4. Why? Well, a high-quality frame will actually have plexiglass or another light plastic material in front of the print, rather than glass. Glass is heavy and will cause the bottom of the frame to bow, and often it will stick to the poster after a year or two, meaning that a ghosting effect will take place if you try to swap in a new poster. So, in all cases, avoid glass if possible; plastic is classier. Sounds strange, but it’s true.
4. That said, getting smaller-sized frames at a step or two above bargain-bin prices is usually worth it. Smaller-sized frames don’t bear as much weight, since the glass (or, preferably plexiglass or plastic) inside them isn’t nearly as large (and therefore not as heavy), and so they don’t bow quickly. Plus, because of their size, it’s easier to find things to put inside of them. For example, you can just blow up a few photographs you took during vacation or with friends to 8”x10”. Order them online for $3-5 a print as I’ve done here, pop each in a $15 frame and you can have a nice, personalized hanging.
5. Additionally, a series of smaller frames gives you a lot of options. You can make all kinds of patterns and move things around within your apartment regularly to change things up. Plus, if you think you might be moving after a year to two, they are easily portable and are versatile in new spaces.
6. A word about hanging a framed print: command hooks. If it’s at all heavy, you want a command hook instead of just a plain nail in the wall. A command hook is made to bear a lot of weight, it’s easy to use, and it won’t leave an overly large mark on your wall, so you’ll be sure to get your security deposit back. They’re available at any hardware store. A package of five or six should cost about two dollars.
7. Posters and frames are not the end-all-and-be-all: I’ve recently discovered decals. Yes, decals. They’re surprisingly cool – and this company, Blik has tons of them at great prices. They’re hipstery and trendy and, trust me, they look very seamless and cool on your wall. You can see a detail of a series of butterfly decals that I put up in my bathroom. Spruces things up quite nicely, eh?
8. If you go to IKEA or another furniture store, you can buy shelving that you nail directly into your wall. This will create somewhat larger holes in the wall, so you might want to talk to your landlord, but once you put them up, you can put all sorts of tchotchkes, vases, candles, or sports memorabilia on them and really make the place personalized and homey with objects you already have, but don’t have a good place to put.

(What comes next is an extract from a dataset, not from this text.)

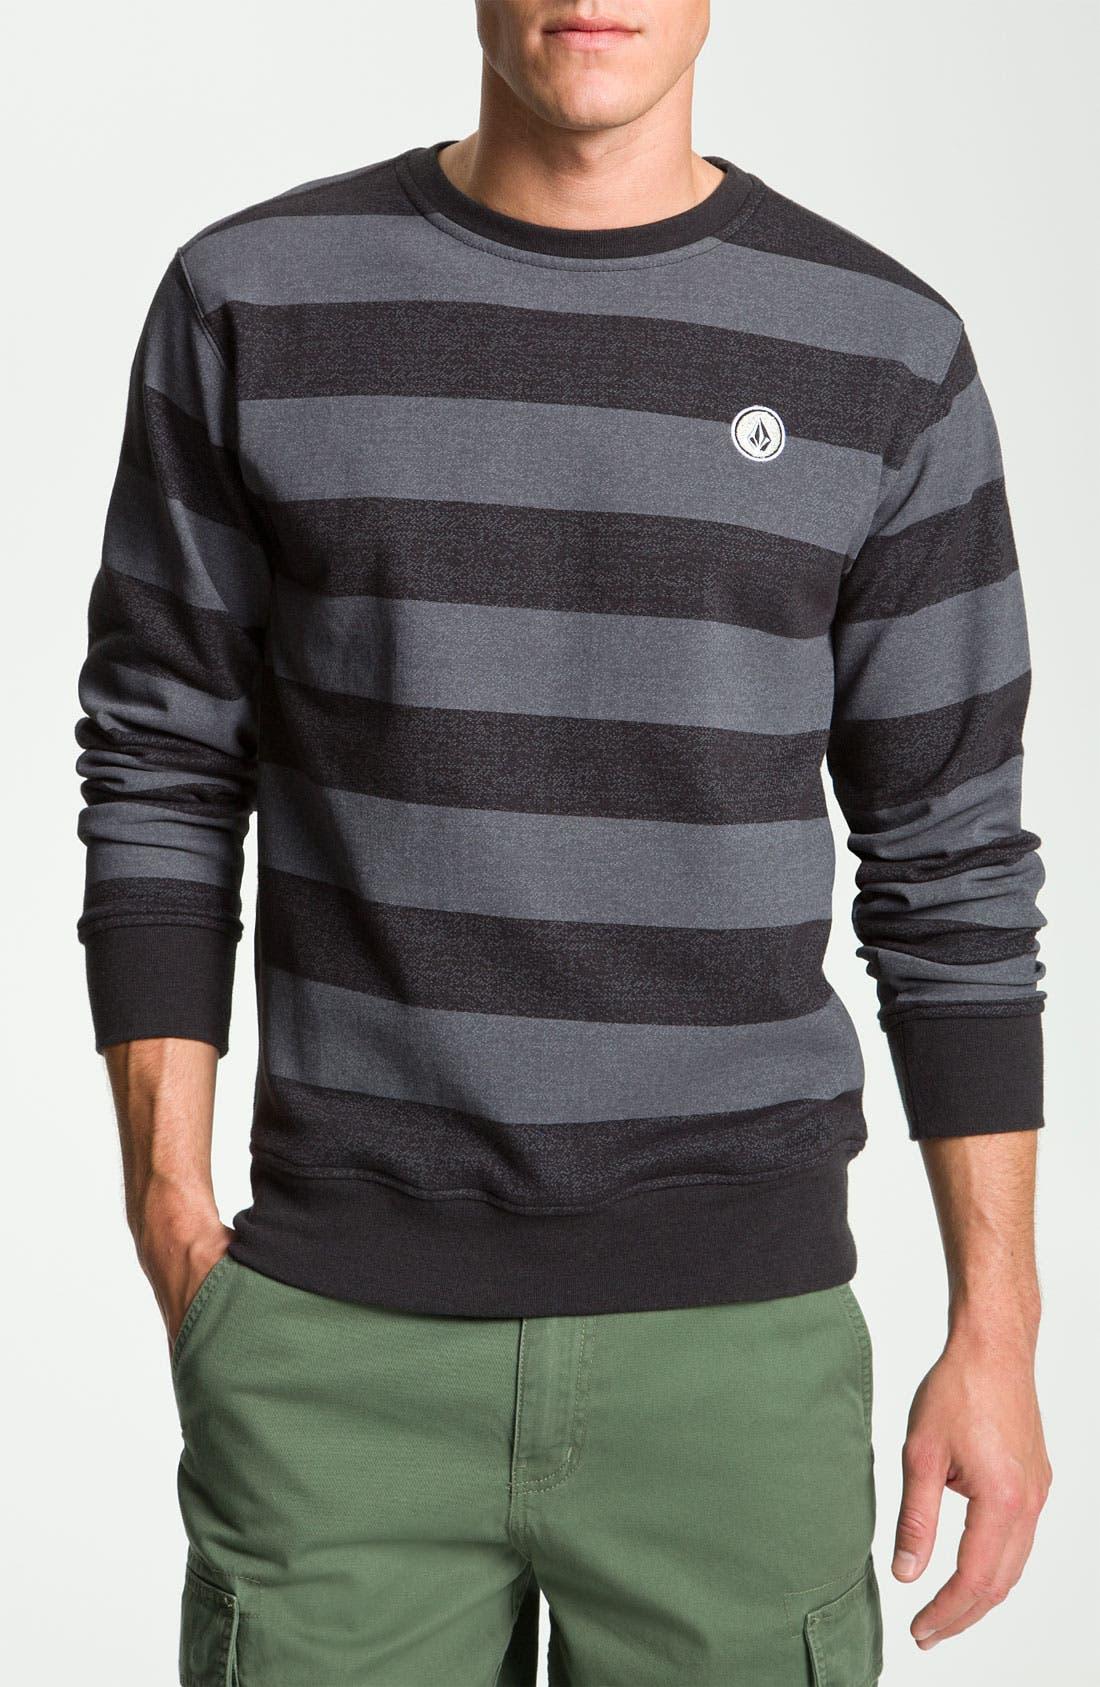 Alternate Image 1 Selected - Volcom 'Eds' Stripe Crewneck Sweatshirt

Well, hope these tips help. If you have any ideas yourself, or any questions, feel free to shoot me an email or post a comment below.

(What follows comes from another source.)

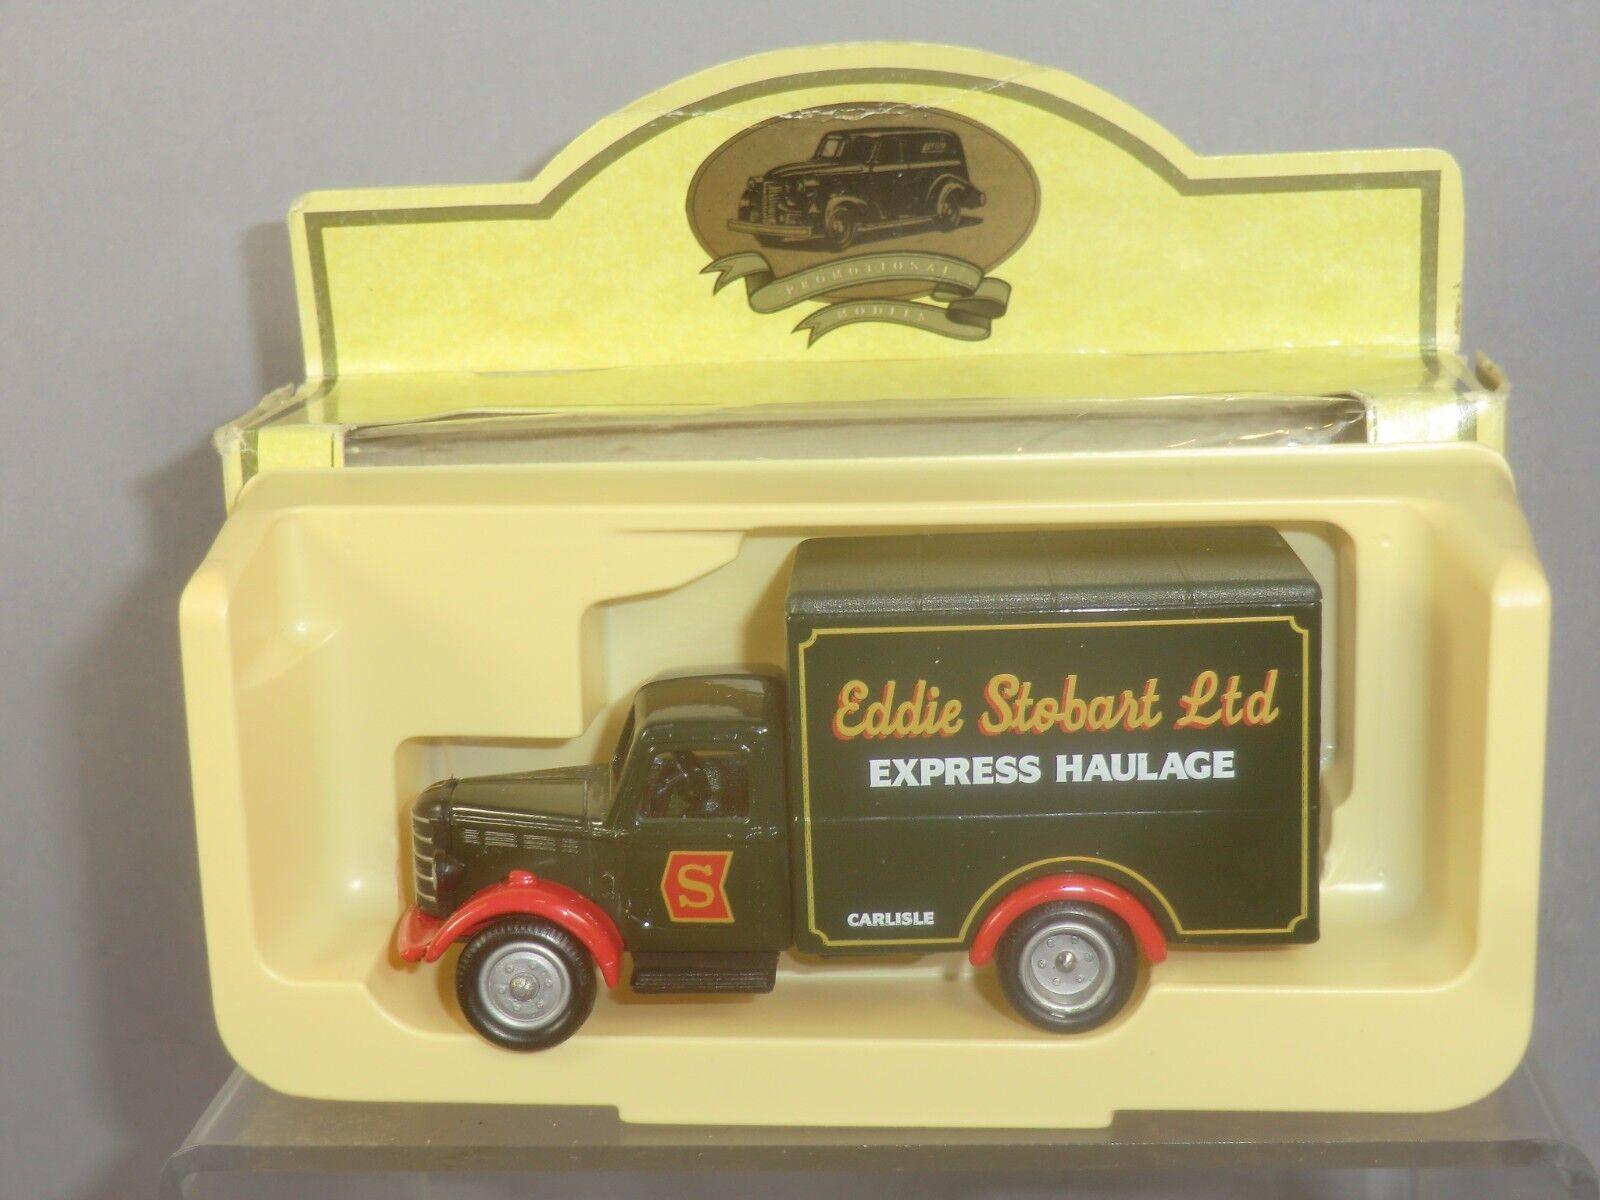 Lledo Promocional Modelo No.LP59 Bedford 30CWT Eddie Stobart Ltd Ed. MIB

At an estate sale this summer I found a 34″x44″ oil painted reproduction of a painting of Paris and bargained it down to $30! It’s “real” art and I’m going to love it long after I leave my first place!
I am also lucky that we are cleaning out a relative’s house and I am able to snatch up all the unwanted art that is already framed!
In my first place after college, I did a collage of posters, prints, photos and other art decor on my wall. It seems to be pretty popular, but it’s easy and fills up the space nicely. You don’t even have to have a consistent theme. You can even take the decal idea mentioned above, and layer a frame over it, leaving the frame empty.